Integration of much new surface and subsurface data suggests major reinterpretations of stratigraphy and structure of the Grenville series of the Precambrian in the Balmat-Edwards district, New York.

Only two major metasedimentary units appear to exist, (1) marble and (2) migmatitic paragneiss. The paragneiss seems to be about 3000 feet thick and is the oldest formation. The overlying marble may be as much as 2000 feet thick and is differentiated into 15 units. Most units are silicated dolomite; one contains anhydrite and traces of halite, another hydrogen sulfide and graphite. A potassic migmatite (injected sandy shale), about 400 feet thick, and minor marble overlie this sequence. Major variations in composition and form of metasedimentary units are common, but most variations are metamorphic in origin.

The metasedimentary sequence is complexly sheared and intricately plicated into a series of northeast-trending, gently plunging folds. These merge into and are blurred by northwest-plunging cross folds. Both types of folds range from crumples to folds with either an amplitude or a radius of curvature of a mile or more. The northeast-trending folds are accordant elements of a regional system. Cross folds are confined largely to zones on opposite sides of the Grenville Lowlands where the lowlands merge into igneous massifs.
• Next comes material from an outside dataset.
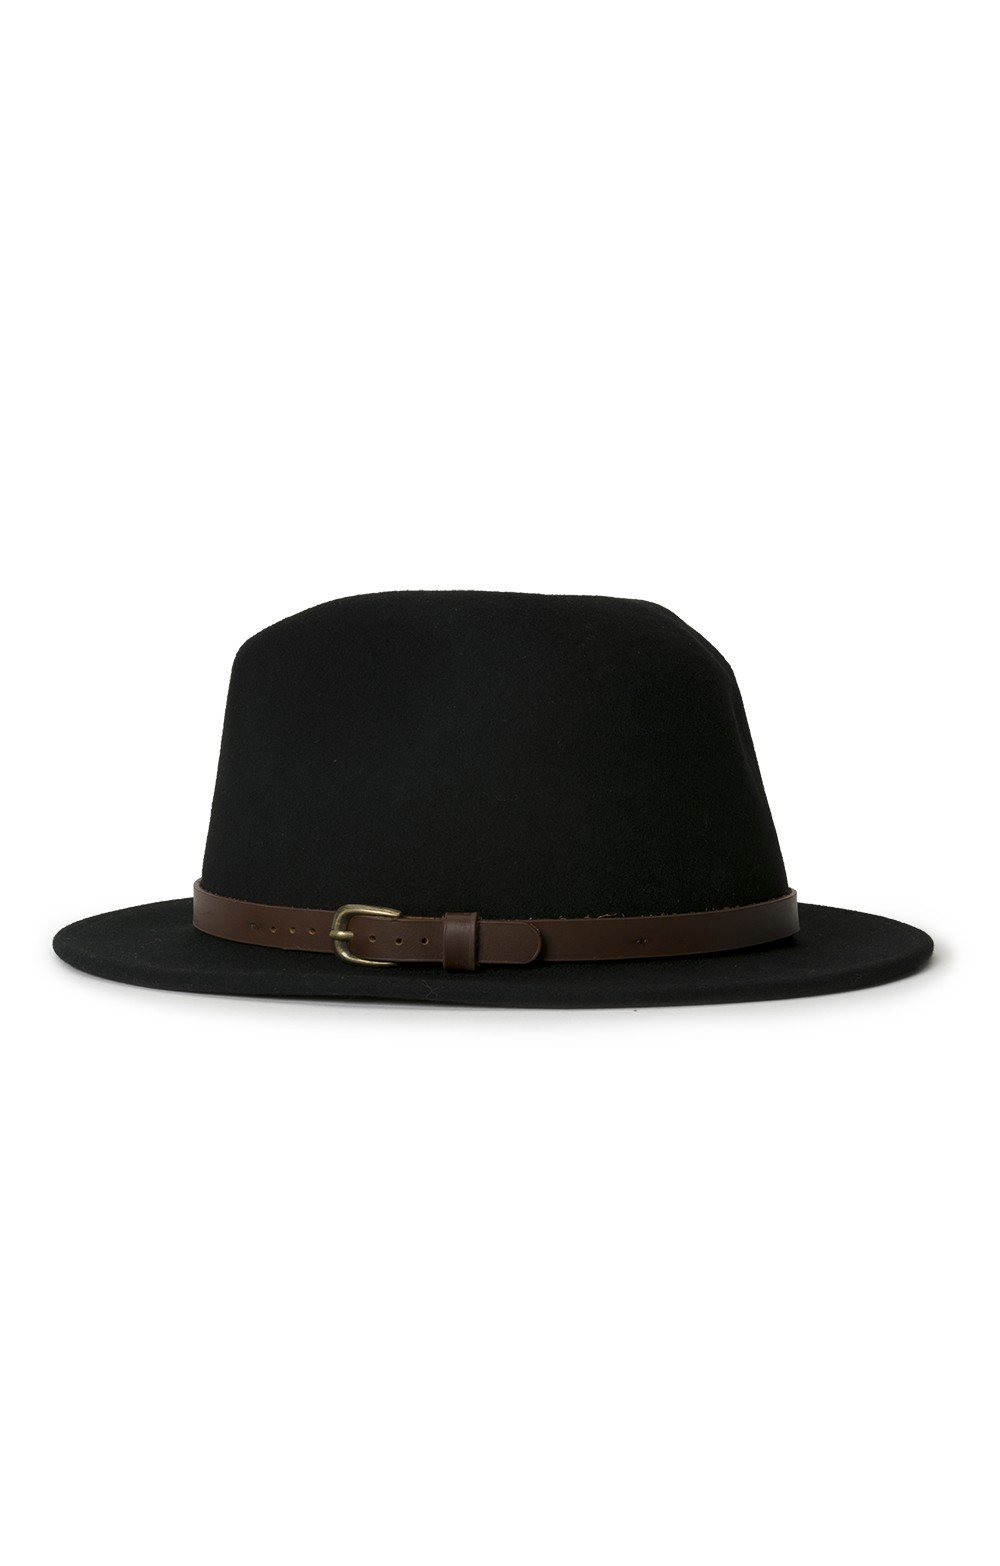 Failsworth Hats Adventurer Felt Hat - Black | XL | Black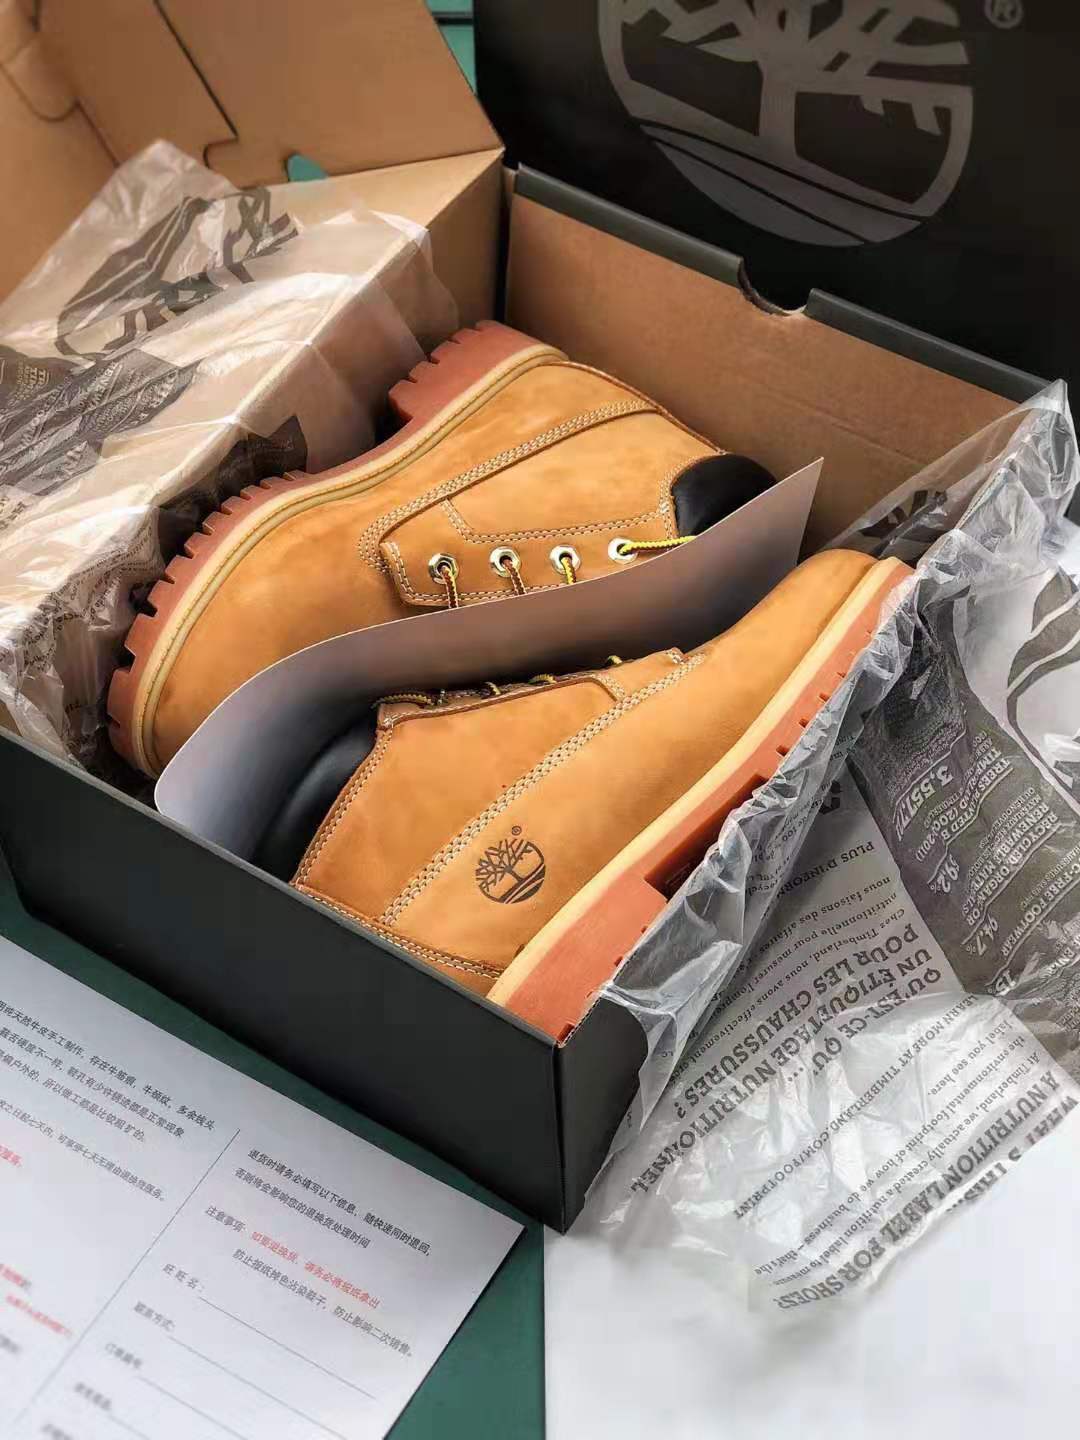 Timberland Newman Chukka Boots 23061: Stylish and Durable Footwear

Parts of these zones are major shears, involving displacements of at least 3 miles, along which stratigraphic units are obliterated.

The two fold sets and shear zones may be ascribed to either (1) closely related stages in a gigantic, upward diapiric flow of metasediments and intrusives of the Grenville Lowlands in response to southeast-northwest crustal shortening or (2) more distinctly separated periods of deformation, in which the cross folds formed through refolding of the preexisting structures in response to a northeastward crustal couple. The second interpretation is preferred largely because of (1) the large size of the cross folds and of the belts formed by them, (2) the common direction sense of cross folds, and (3) evidence that the axes of many cross folds intersect axes of the northeast-trending, gently plunging folds at large angles.